I also rise to speak against the deal, but it is clear that the House now needs an opportunity to show what it is for, as well as what it is against. I hope that in the coming days we will have the opportunity to do that.
As my hon. Friend the Member for Hove (Peter Kyle) so eloquently and brilliantly put it, the Prime Minister’s last-ditch attempts to reach out across party lines were too little, too late. Unfortunately, the Prime Minister has shown yet again a tin ear to Parliament. It is a real shame, because we did not need to be here now. She could have taken up the offers from the Leader of the Opposition to have cross-party talks. She could have taken the temperature of Parliament long before we got here. Maybe if she had done so we would not be here now.
We now face deadlock in the Commons while the country is crying out for us to deal with Brexit. I fear that entrenched positions are getting wider, divisions are getting deeper, and our political discourse is getting more and more toxic. Absolutism is ruling, when reaching out and building a compromise and consensus is what is needed. My sense, which I think is reflected in this debate, is that we are now reaching a point where there is a growing appetite for a consensus to be reached. However, there is clearly no majority in Parliament for the Prime Minister’s deal and there is no majority in Parliament for no deal. While I fully respect those who advocate for remain, there is equally no majority in Parliament for a second referendum. I fear that the strategy of all those concerned is to run out of road so that one of the options becomes the last one standing.

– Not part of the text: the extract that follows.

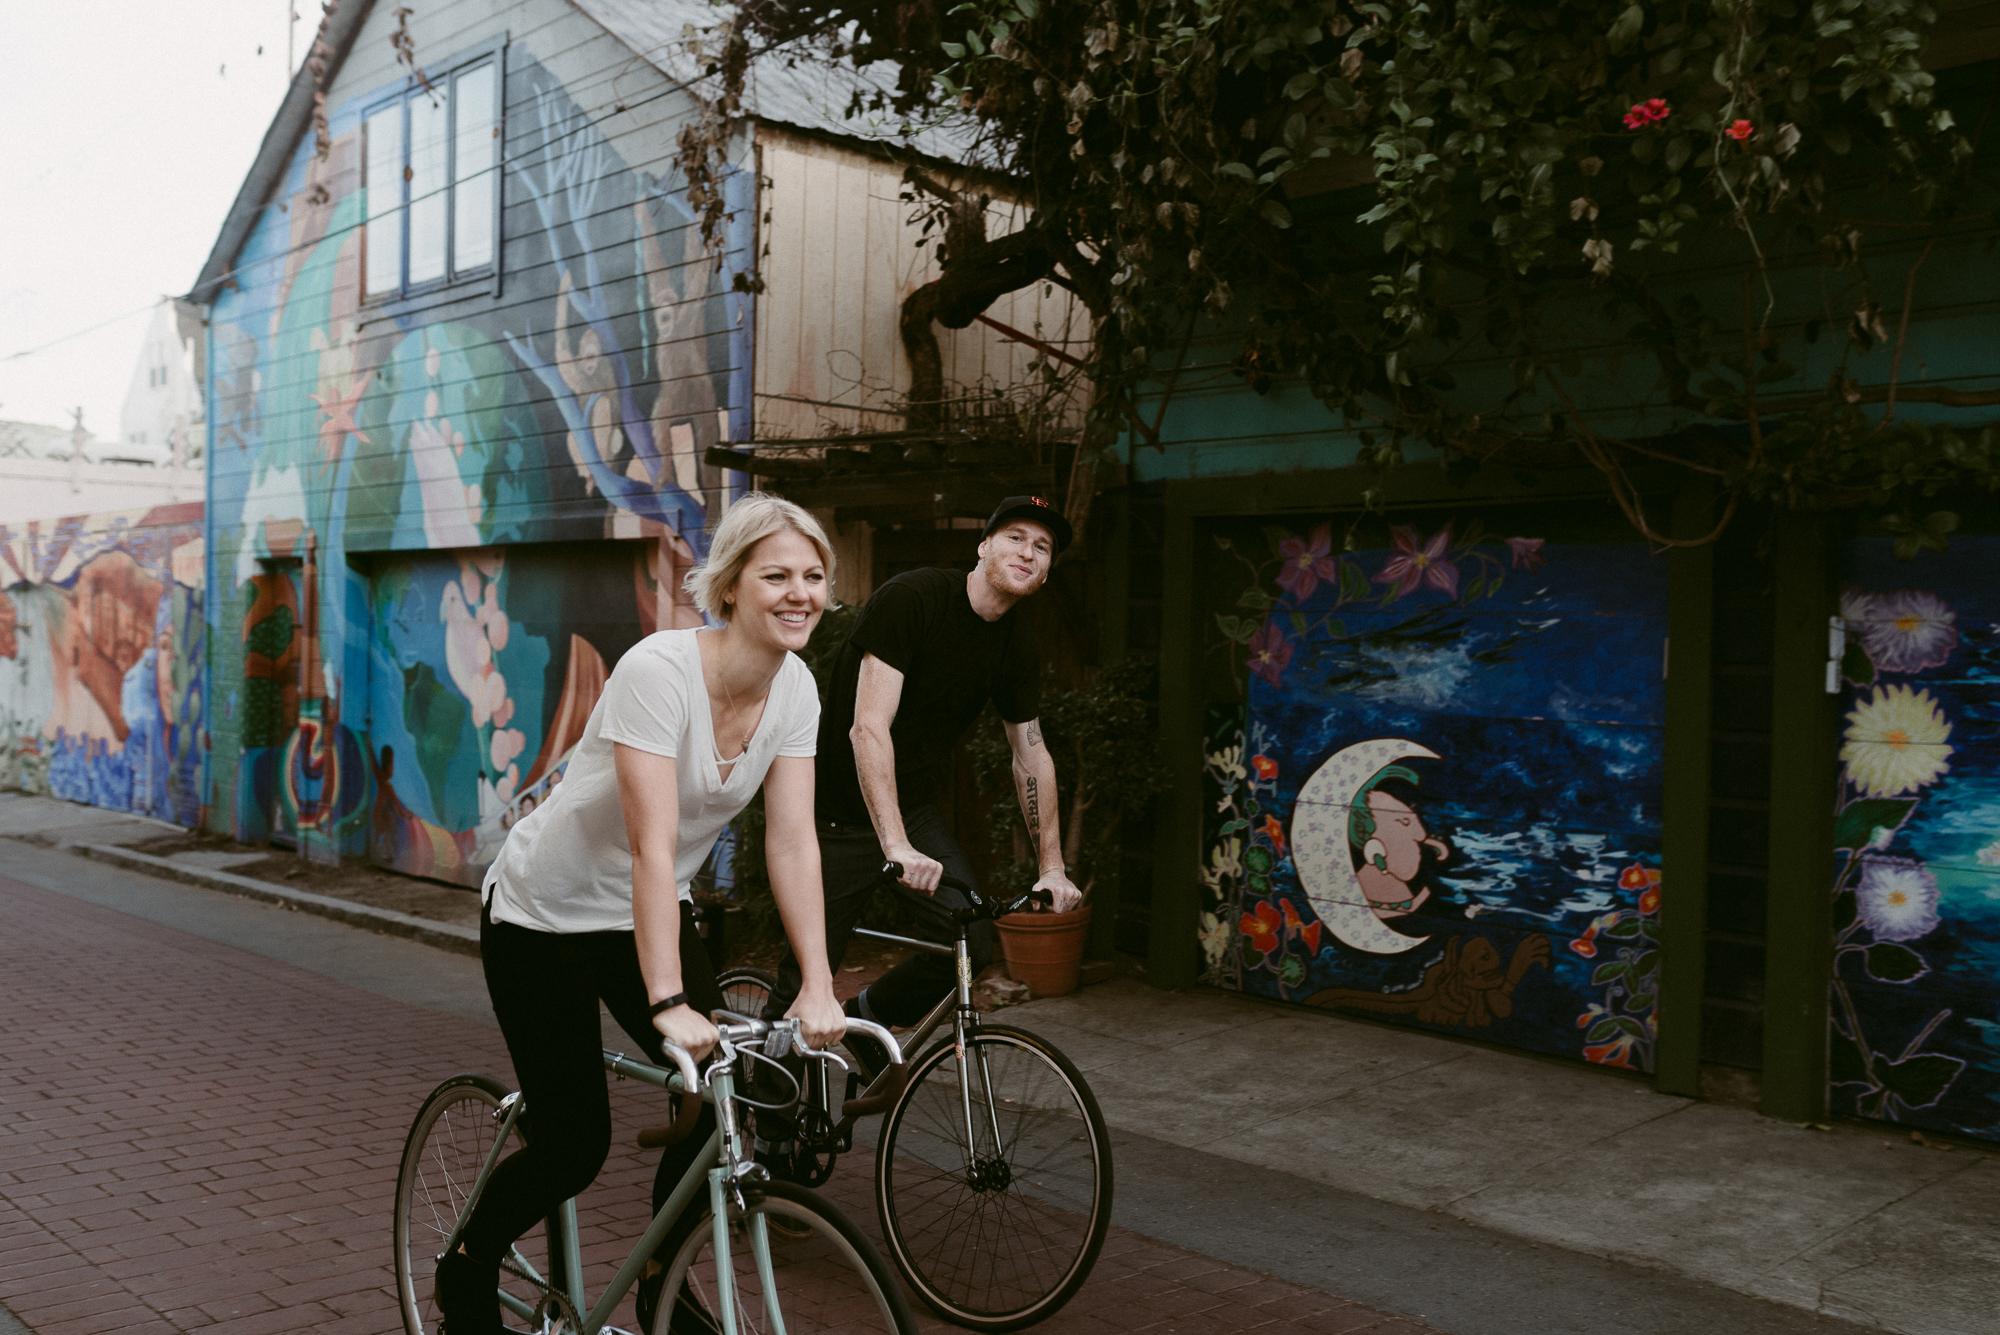 Fun Engagement Portraits in San Francisco on Bikes

That is why I have come to the view that we need a plan B for when the deal is defeated tomorrow. I came together with my friend, the right hon. Member for Harlow (Robert Halfon), to co-author a report seeking a common market 2.0 option with the backing of the cross-party Norway Plus Group. I completely understand that many people want us to remain in the EU—we are better off economically and politically in the EU, and I used to be the director of Britain in Europe, for goodness’ sake—but I understand the sentiment that led to the Brexit vote in the first place, and I respect it. Part of the reason behind the vote was a deep scepticism about politics and politicians, so we cannot ignore or seek to overturn the result. We really cannot say, “Sorry, we cannot reach an agreement. Back to you guys.” What is more, referendums do not give rise to rational decisions on complex matters, either.
“Common Market 2.0” makes the case for a Brexit that delivers on the result of the 2016 referendum while protecting the economic interests of working people by becoming part of a new common market with the existing EU. It would create a long-term partnership that keeps us closely aligned and offers us real frictionless trade through full single market access and a new customs union. It would guarantee workers’ rights and provide new controls over free movement in certain circumstances. It would allow more money for public services, as our contributions would be significantly lower, and would give us a voice over the regulations that govern the single market. I know it is not a lot of people’s first choice or ideal, but it is an option for a plan B that we all need to consider.
Ministers and the Prime Minister have said many times that they want to know what Parliament is for, not just what it is against. I hope that over the coming days, we will be given the opportunity to say what we are for, and to come together and decide that sometimes we cannot get our ideal, but we need to have a plan B.